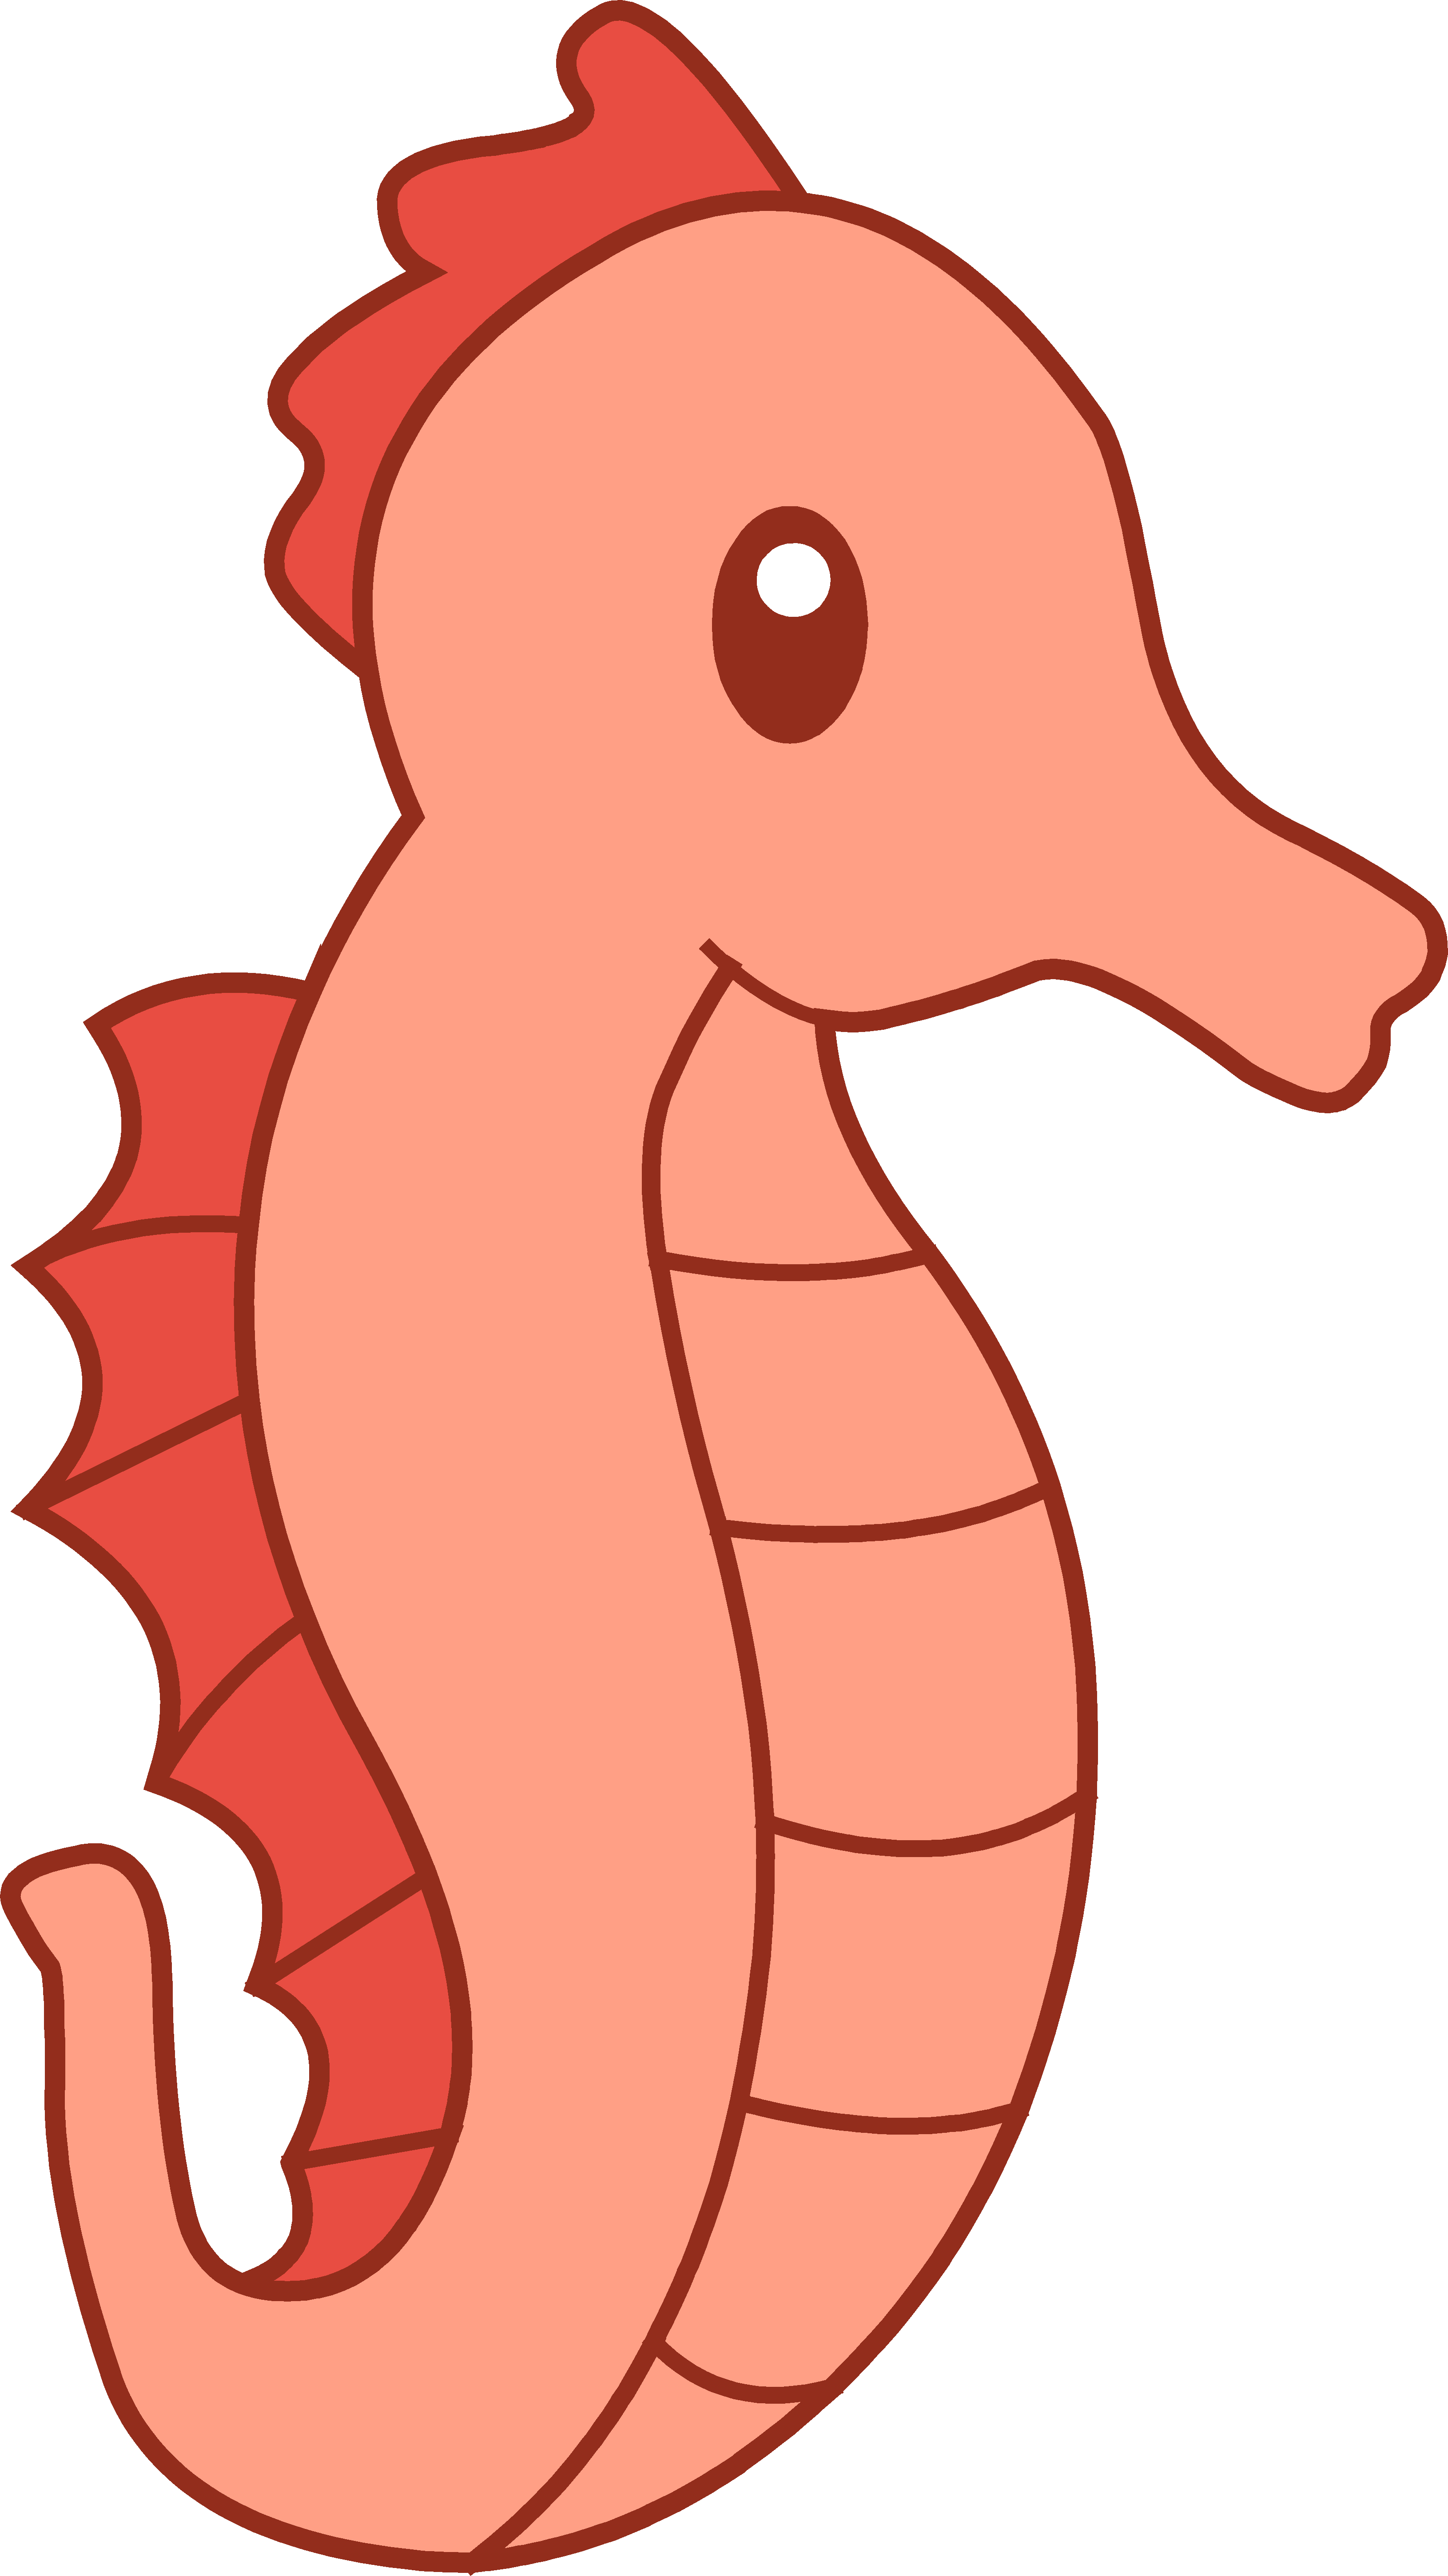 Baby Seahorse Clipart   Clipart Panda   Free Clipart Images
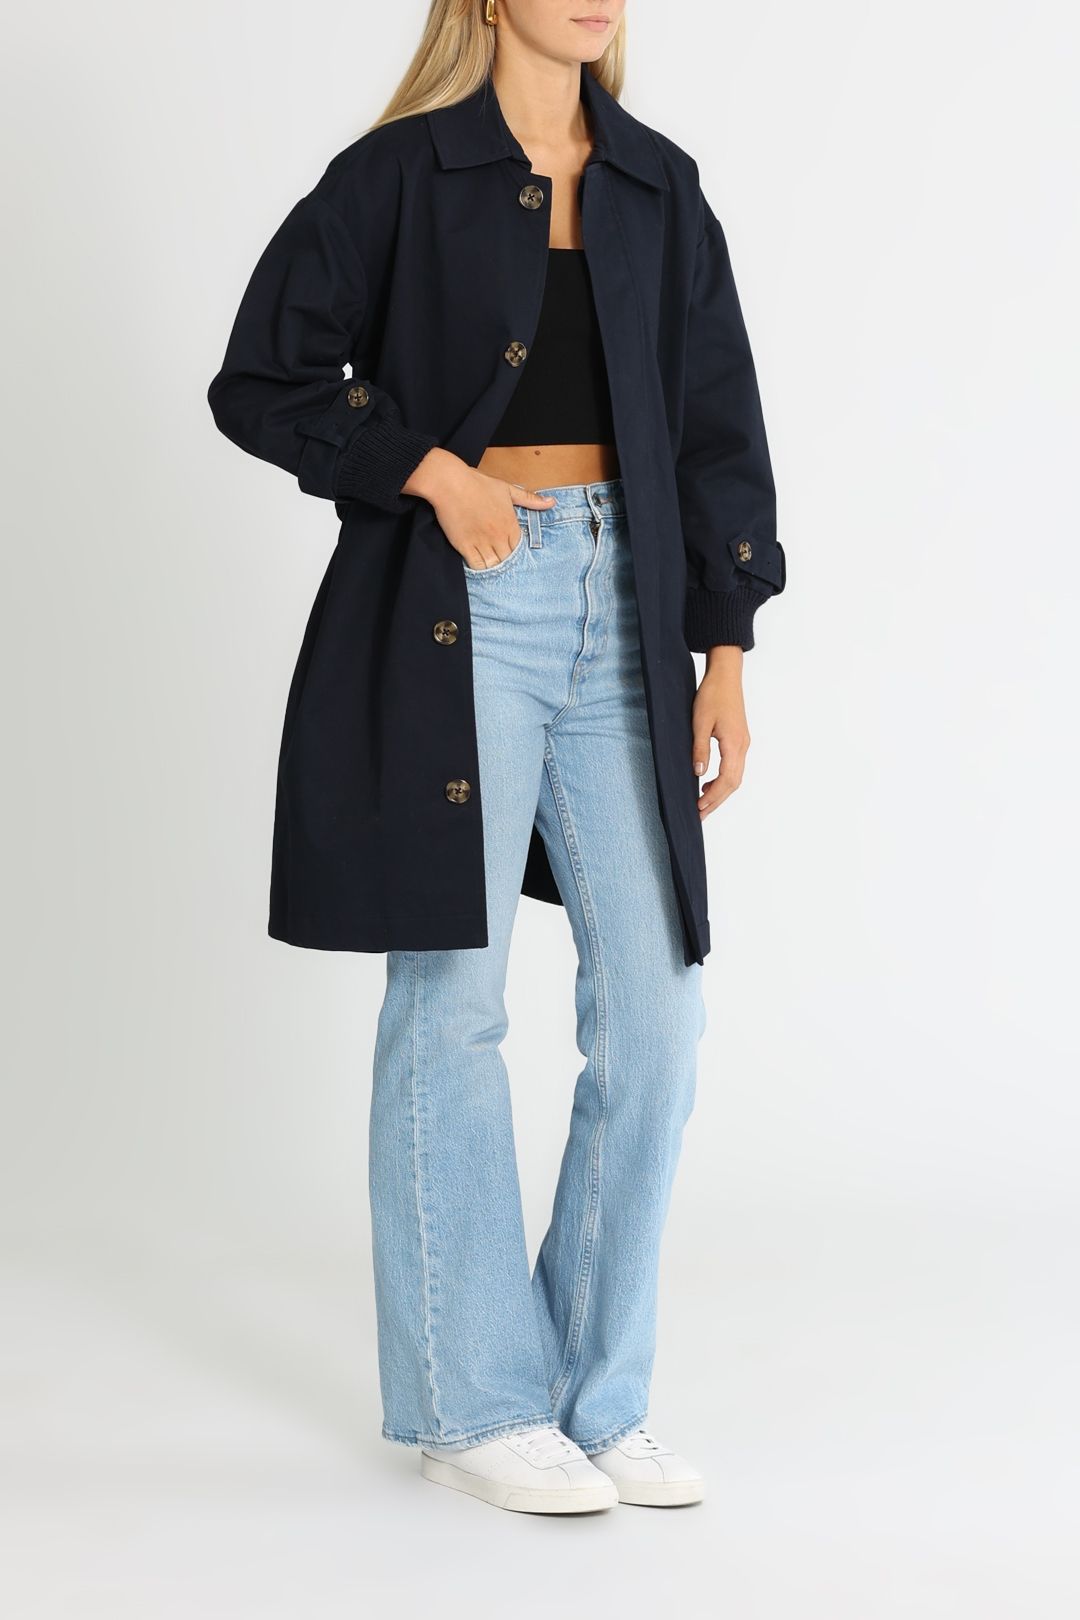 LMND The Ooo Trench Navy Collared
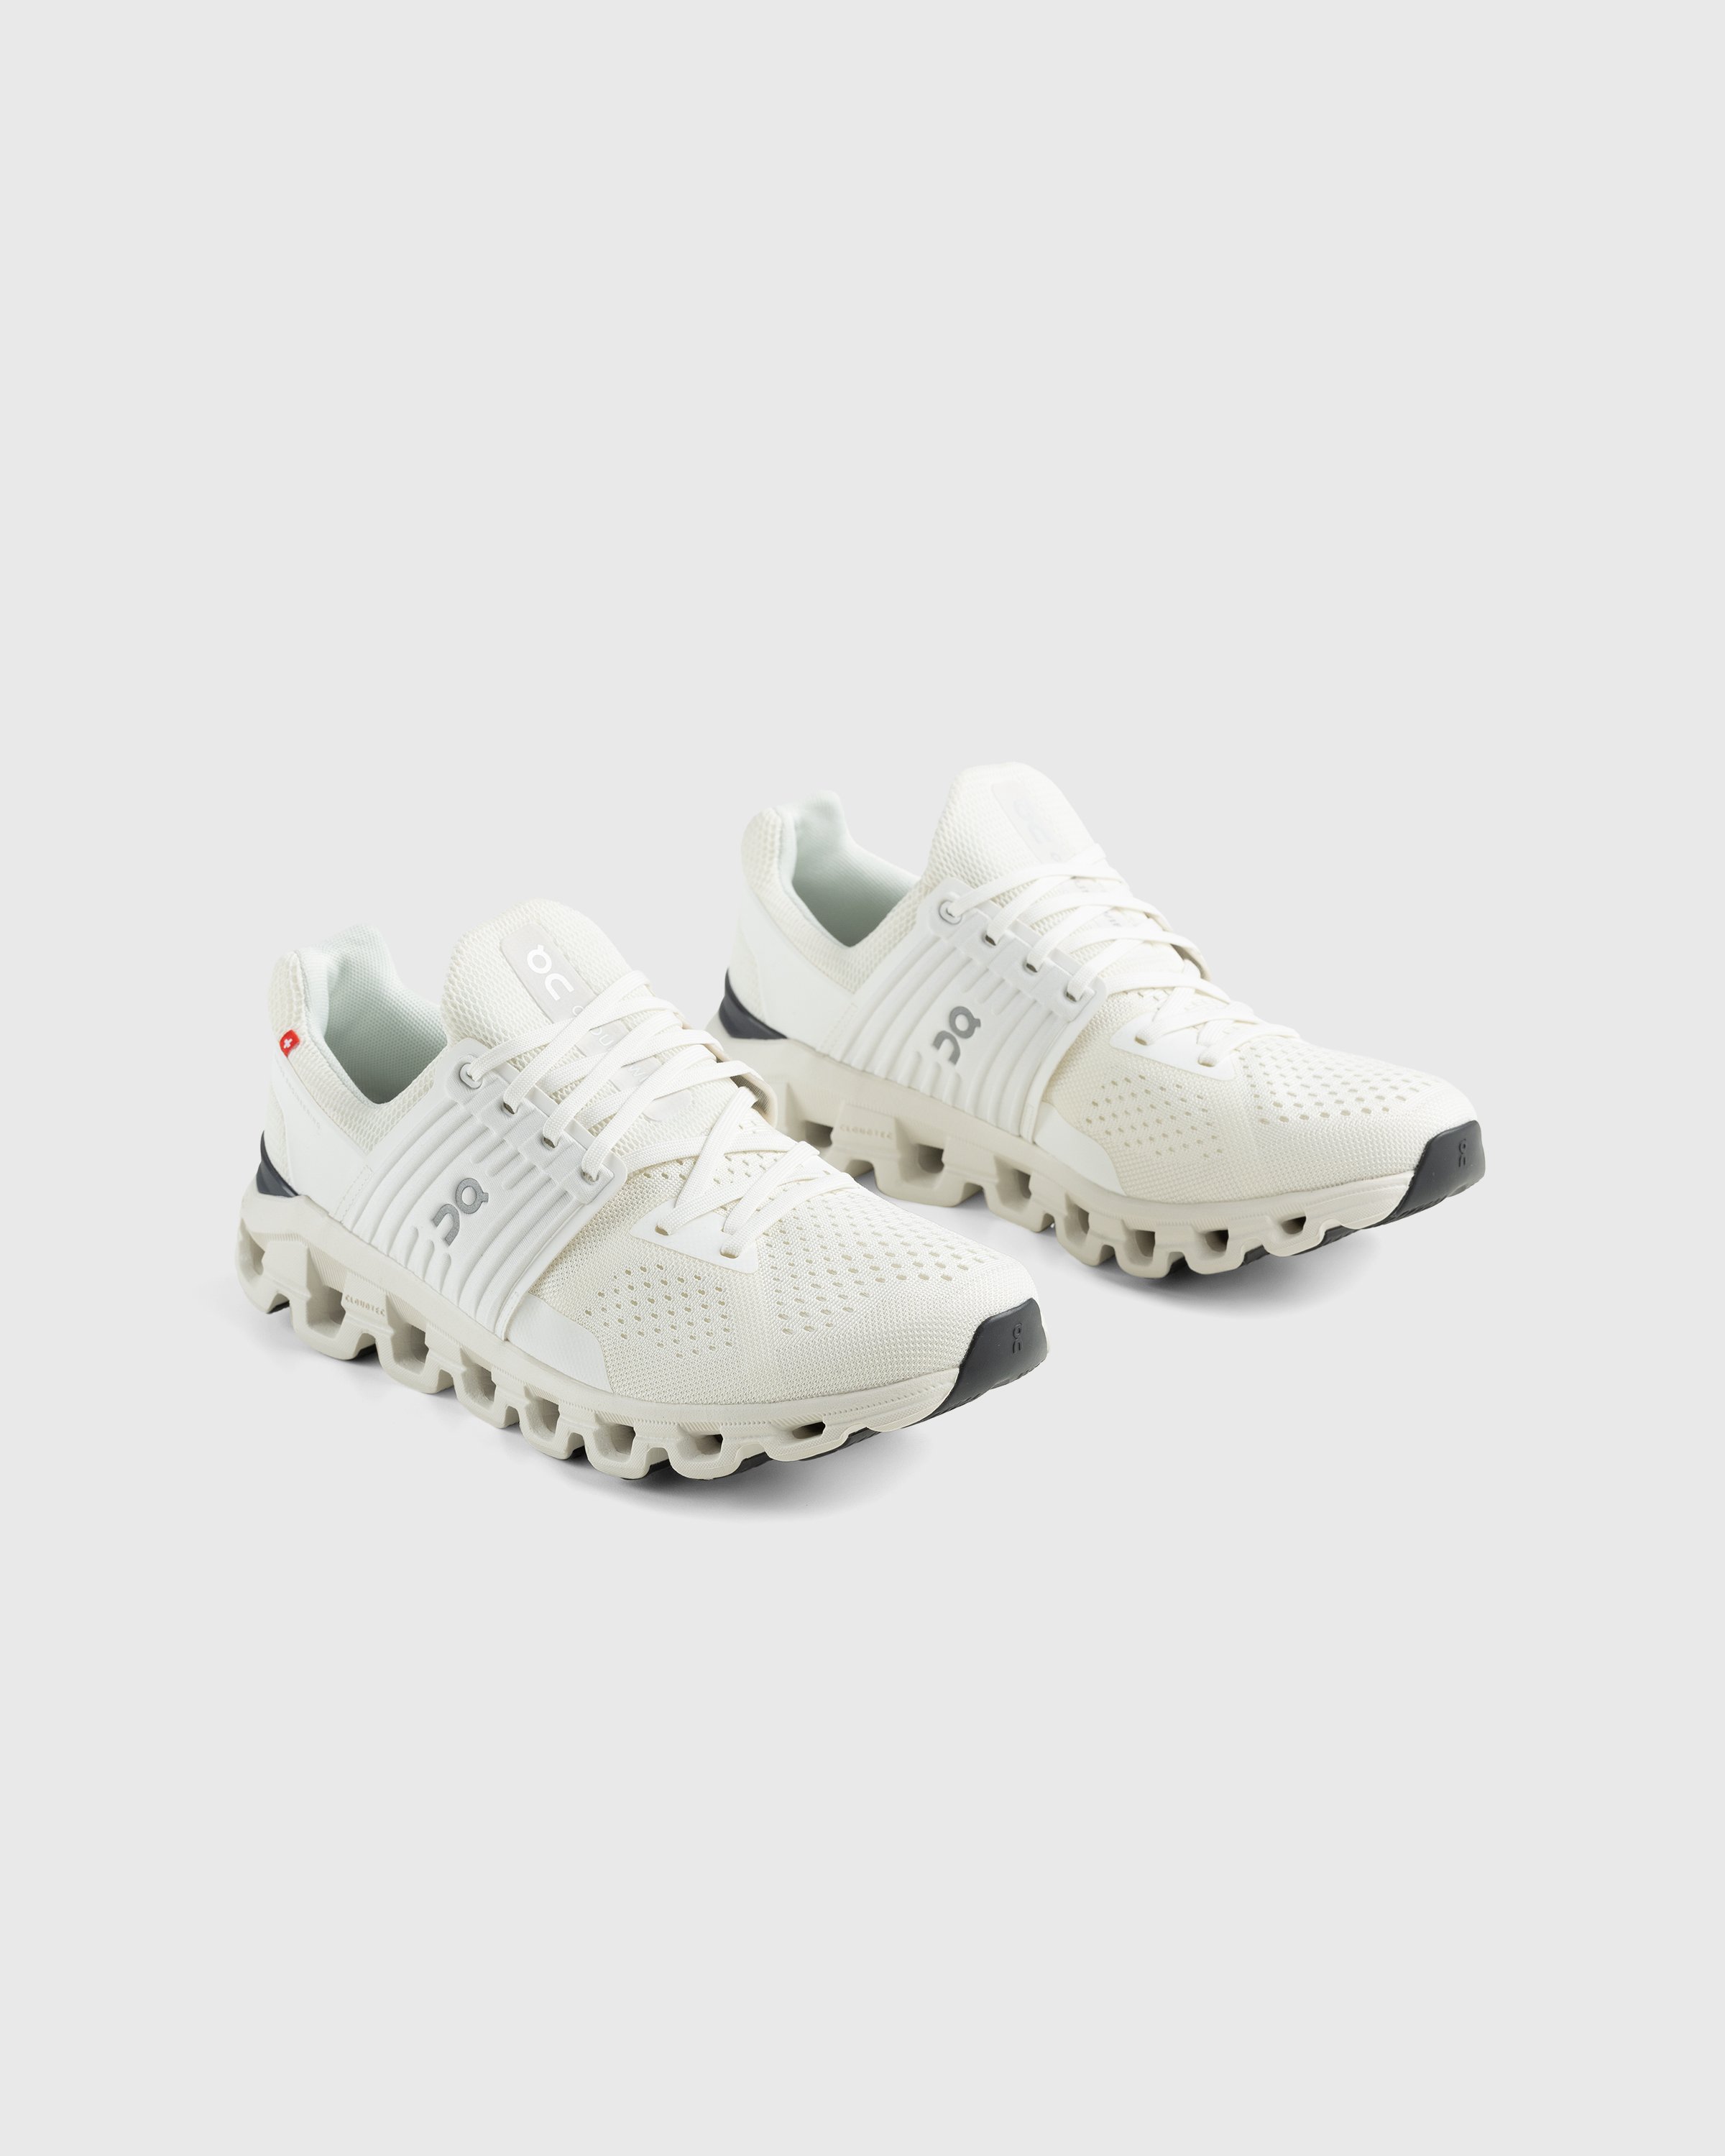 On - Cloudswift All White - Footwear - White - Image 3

▶ Directions: Could you give back the full listing word for word, leaving out the images?

▶ Response to the task:
 Baby Seahorse Clipart   Clipart Panda   Free Clipart Images
 LMND The Ooo Trench Navy Collared
 On - Cloudswift All White - Footwear - White - Image 3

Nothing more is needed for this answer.